There are specific times in my life when I’m extremely grateful that I have thumbs. Tonight was one of those times. I was sitting at Starbucks watching this bug that looked way too much like part of a bush attempt to climb up the outside of the window, using what appeared to be its mouth. In that moment, I was very glad to not be that bug.
This has been an interesting week to say the least. I almost don’t know how to explain it, because I want to be poetic (doesn’t every writer?) but my week was less poetic and more like a giant car crash. Only, luckily, not a literal car crash. However, I did wake up Thursday morning to a car with a flat tire. I ended up not being able to figure out my jack and just sat on the sidewalk waiting until someone would see how pathetic I was and come help me. Of course, everyone was in a hurry to get to work, either that or they really didn’t care to help me (I guess not every has read the story about the good Samaritan). After getting a ride to and from work, I ended up changing my tire (all by myself, with the help of my dad over the phone) at nine o’clock at night. In the dark. All alone. Two people walked by, and even though one asked how I was doing, neither of them offered to help. I got it changed and afterward, I was feeling pretty awesome about myself. Then I went inside the house I’m staying in, realized that I’m just alone and no one really cares that I can change a tire by myself.
I’ve spent most of my week working my life away.

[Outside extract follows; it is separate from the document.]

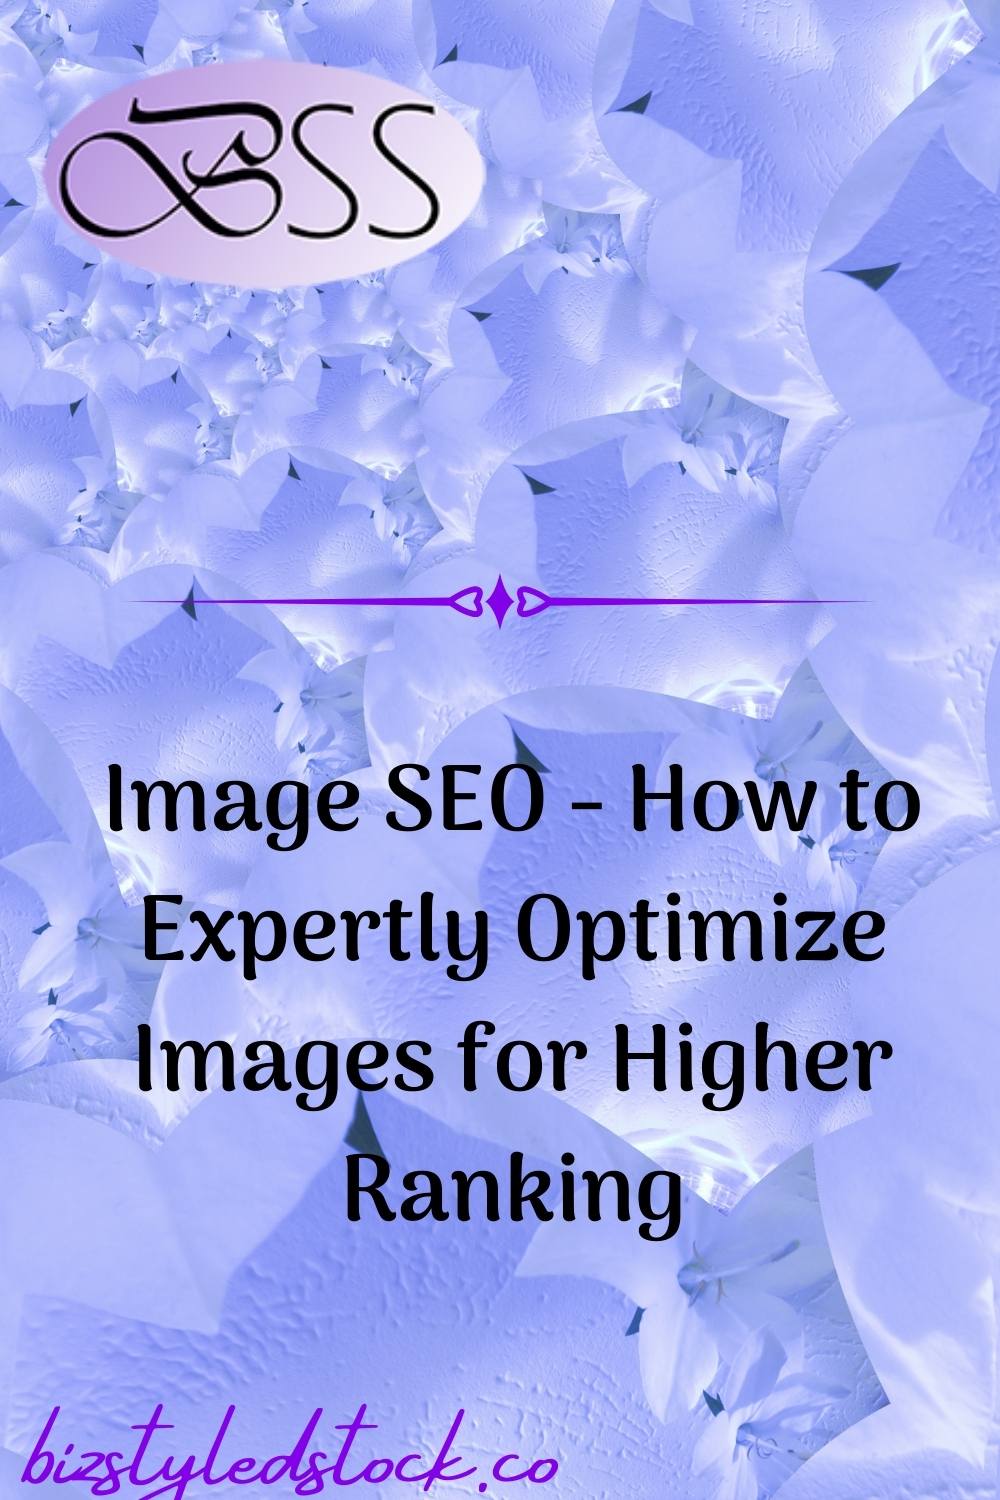 Image SEO - How to Expertly Optimize Images for Higher Ranking #imageseo seo background image
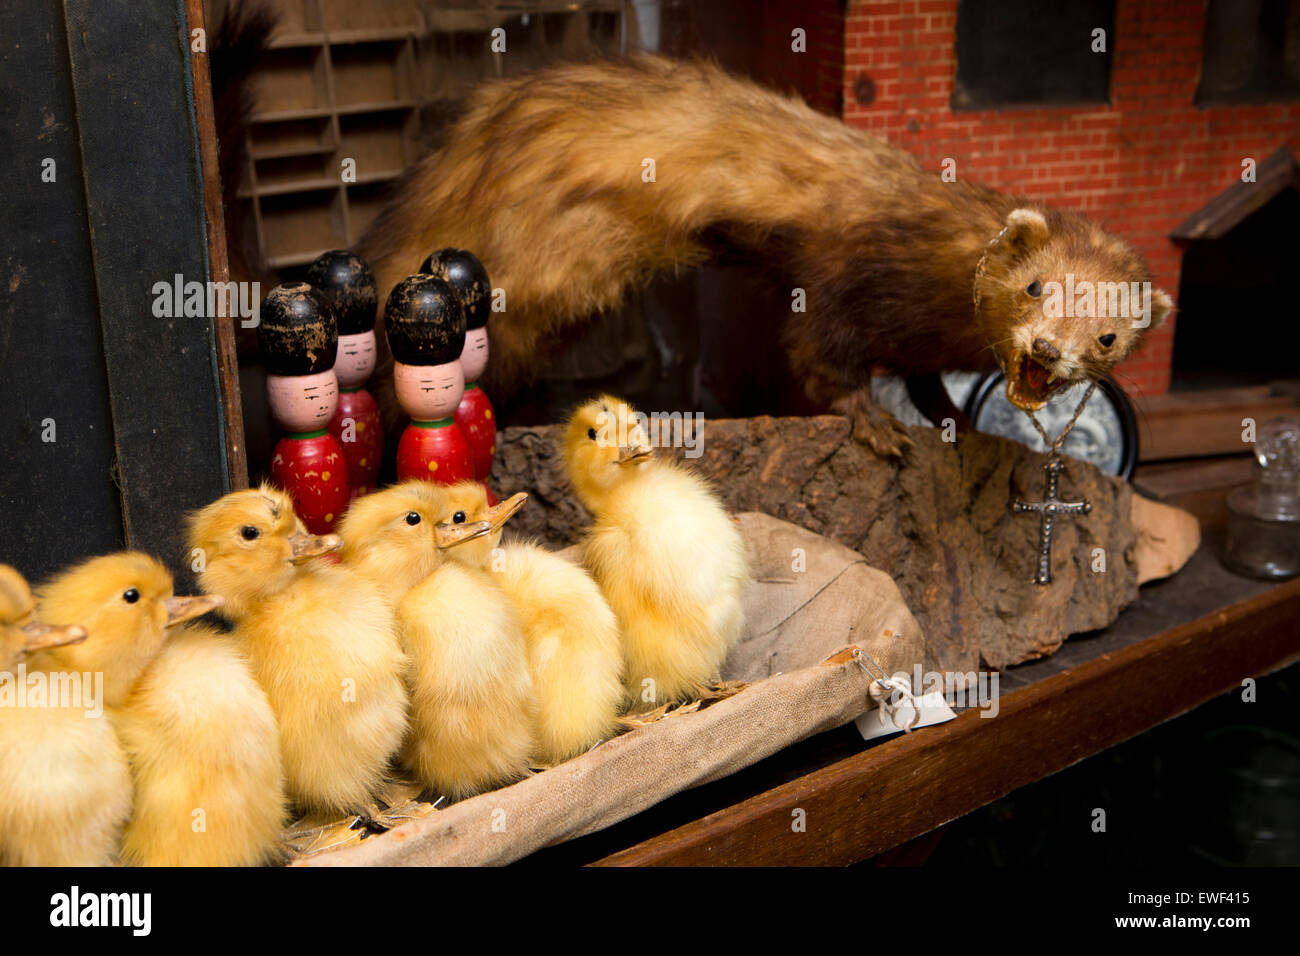 UK, England, Shropshire, Bridgnorth, Bank Street, A’tique shop, stuffed ducklings and mink amongst antiques Stock Photo

So even though it is summer, I am not taking advantage of all the natural vitamin D. Instead, I am basically taking up residence in my cubicle. Which really isn’t so bad, because I enjoy working with the people I work with and I eat a Brown Sugar Cinnamon pop tart every morning at ten, so I always have something to look forward to.
This morning I had to take my tire in to get fixed. I went to two places that looked at my tire, told me it was unfixable, and then told me that they didn’t have my size tire. I ended up feeling defeated so I just went to Wal-Mart. However, I was even more frustrated there because there was no clear sign as to where I was supposed to drive up or go. So, I just drove up to a place that looked like it should be the right place, got out of my car and said (perhaps rudely), “I need help.” A guy with a foot cast on hobbled over. I ended up telling him about how proud I was of myself for changing the tire all by myself and how I felt defeated because my tires are baby-sized and no one seems to have them on stock. I basically told him my entire life story. He didn’t care. He didn’t even seem to feel sorry for me. So they put a new tire on and it all worked out fine.
After work, I went to the Saturday evening service for the Church of the Resurrection. Part of the reason I enjoy going is because it is such a large church that I can just blend in and no one really notices me. So tonight I went in and sat down in the general area where I can blend best. Then a couple minutes later (after I had pretended to be really interested in what the bulletin said), a husband and wife sat down. Right next to me. I remember learning once about how people (especially Americans) will naturally space themselves out around an area when sitting. This lady obviously didn’t know that was the case. Of course it wasn’t like she was rude, she was very nice. Her name was Jeanie or something and before I left she looked at me and told me that she hopes I have a good week. And I could tell she meant it.
I’ve been talking to a guy lately. I feel like he has been through a lot. His life is telling a story. It has gotten me to think about the story our lives tell. What kind of movie would our lives even make? When I was a little kid, I always would talk into mirrors as if I were narrating a TV show about my life. I remember that I would always have a new imaginary TV show each time I enter a new school year or new summer. One summer we bought two kickballs from Target (one bright blue and the other lime green) and they said “Fun in the Sun” on them. Since I was less than creative, that was the name of my imaginary TV show. I remember one evening when my entire family was playing outside (which is one of the last memories I have of growing up in a two-parent “normal” family) and I was swinging thinking about how that evening would make the perfect opening credits for the TV show. In my mind, a movie about my life would involve me sitting looking thoughtfully out of a window or a moving car. I am not sure what else would happen, but that’s how it would begin. It would begin with my looking longingly out at a world that is waiting for me to experience it so I have a story worth telling.
I want my story to be worth telling. I think about the relationships I have with people, how I am not very good at them. I think about how I am afraid of a ridiculously large amount of things (most of them are irrational fears that I make excuses for because I’m “just being careful”). I think life should be about spending time with people and making mistakes and learning something from everything. I kind of want my funeral to be less than a service where people sit and listen but instead I want my funeral to be a large meal (preferably a pot luck, preferably someone brings Potato Salad from Oklahoma Joe’s) where everyone sits around and tells stories about my life or life in general. I also want everyone to be happy, because I want everyone to know that I lived a good life and my life told a good story. I also want everyone to wear yellow. Don’t question it.